The obtained high specificity of 96.4 % in our study population seems to advocate our AAC grading system for the screening of asymptomatic patients, where a high specificity is desired, even with a trade-off for sensitivity. However, it has to be kept in mind that our study population underlies a certain bias owing to the inclusion criteria. In screening radiology the diagnosis of an asymptomatic disease must be balanced by the need for a limited amount of useless diagnostic work-up in the screened population. On the other hand, the low sensitivity of 38.6 % makes AAC grading inadvisable for confirmation of coronary artery disease in symptomatic patients [25]. However, if chest radiography has been performed in an individual, the acceptable PPV and NPV of 85.0 % and 75.0 %, respectively, indicate that a report on the presence and exact semi-quantitative grade of AAC on conventional chest radiography is justified, serving as a surrogate marker of CAC.

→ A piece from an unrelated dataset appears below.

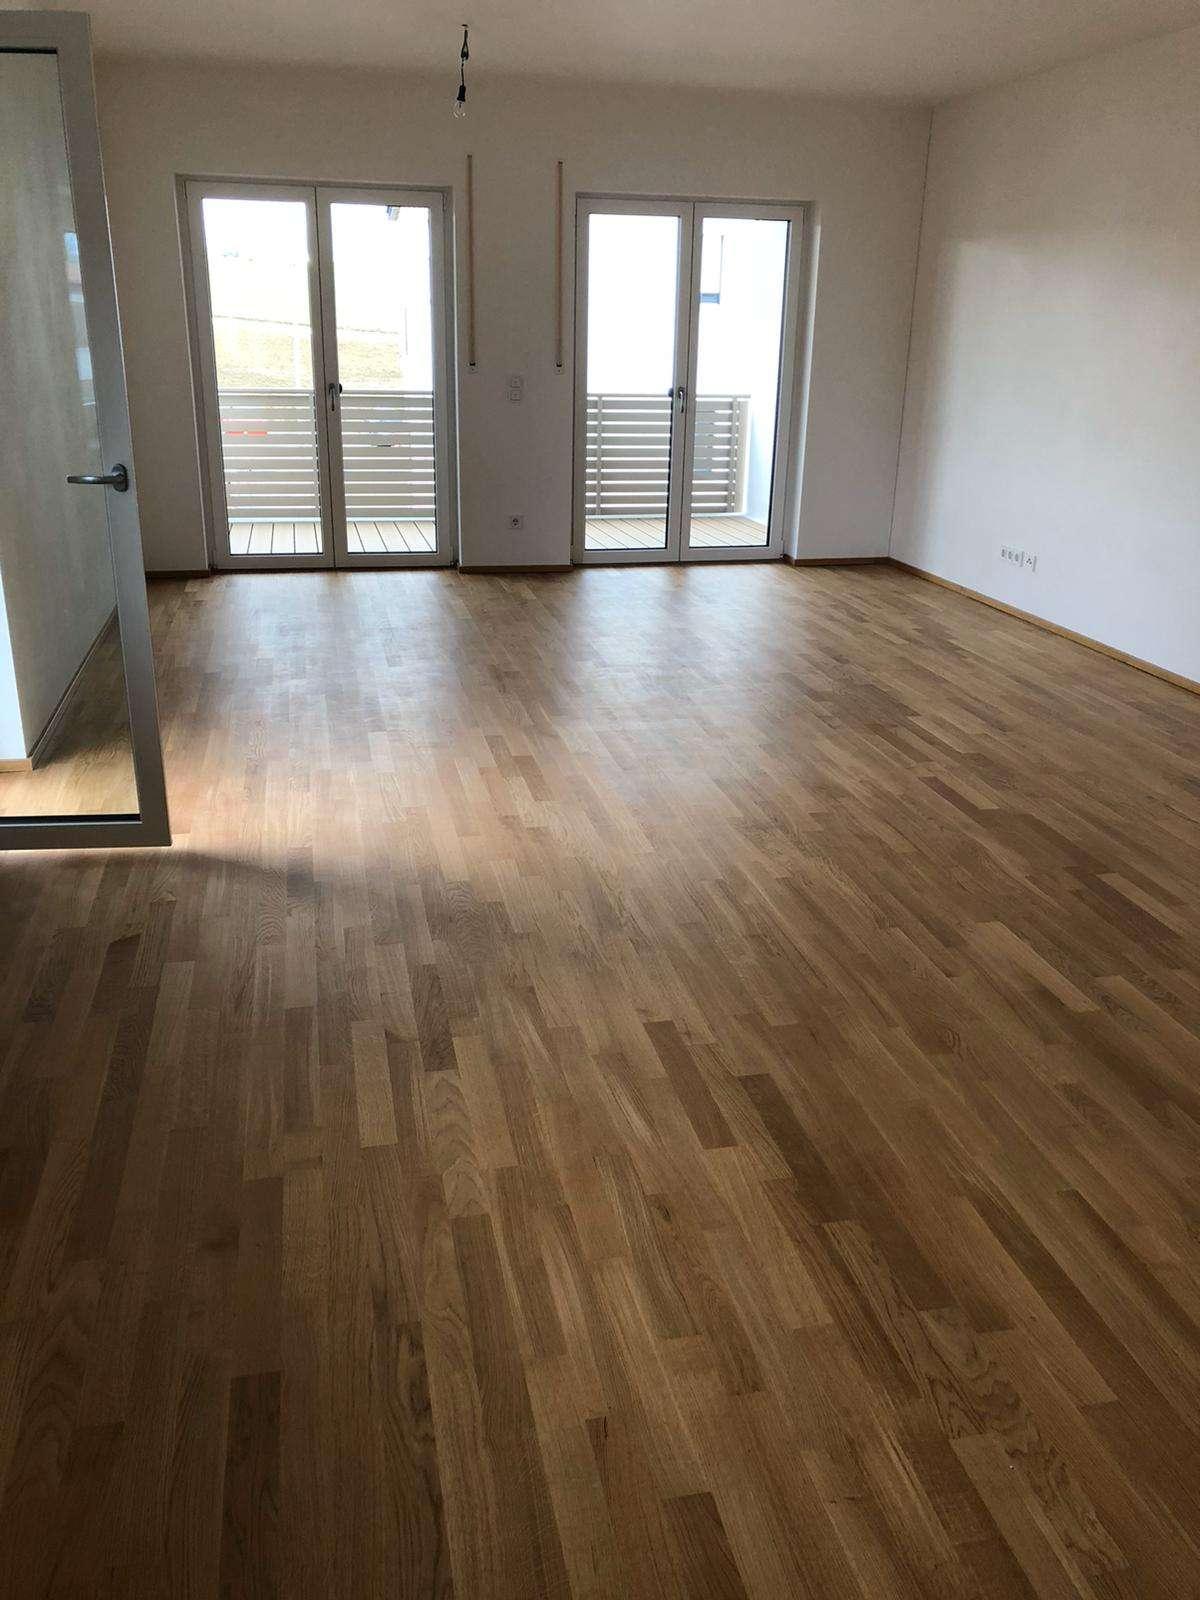 Exklusive, geräumige und neuwertige 2-Zimmer-Wohnung mit Balkon und EBK in Pentling in Pentling

This retrospective study has several limitations. First, owing to its retrospective nature, the gold standard for detecting coronary artery disease, coronary angiography, was not performed. Second, there are neither data on further diagnostic procedures like stress-ECG nor follow-up data that provide a link to the cardiovascular risk in the reported patients. However, as the aim of the study was to evaluate the correlation of AAC grade on chest radiographies and CAC scoring as determined by MDCT, follow-up information is not necessarily needed. Moreover, the association between AAC (determined by MDCT) and coronary artery calcification and increased risk of death has been demonstrated in recent studies [15, 16]. Third, chest radiography evaluated in our study included postero-anterior views (acquired in the upright position) as well as antero-posterior views (acquired in the supine position), which is generally harder to interpret and which may have an influence on the diagnostic performance. However, this reflects the everyday practice in the clinical setting and hence should not be interpreted as a potential bias.

In conclusion, semi-quantitative aortic arch calcification detection on chest radiography is a reliable tool and positively correlates with coronary artery calcification scoring as determined by CT. The significant differences in CAC scores as a function of a three-point AAC grading advocates stating of aortic arch calcifications as “not present”, “moderate” or “severe” in a comprehensive radiological report. Our results indicate that grading of AAC as “severe” strongly suggests coronary artery calcification, which advocates integration of AAC grading into the risk stratification strategy in patients with suspected coronary disease.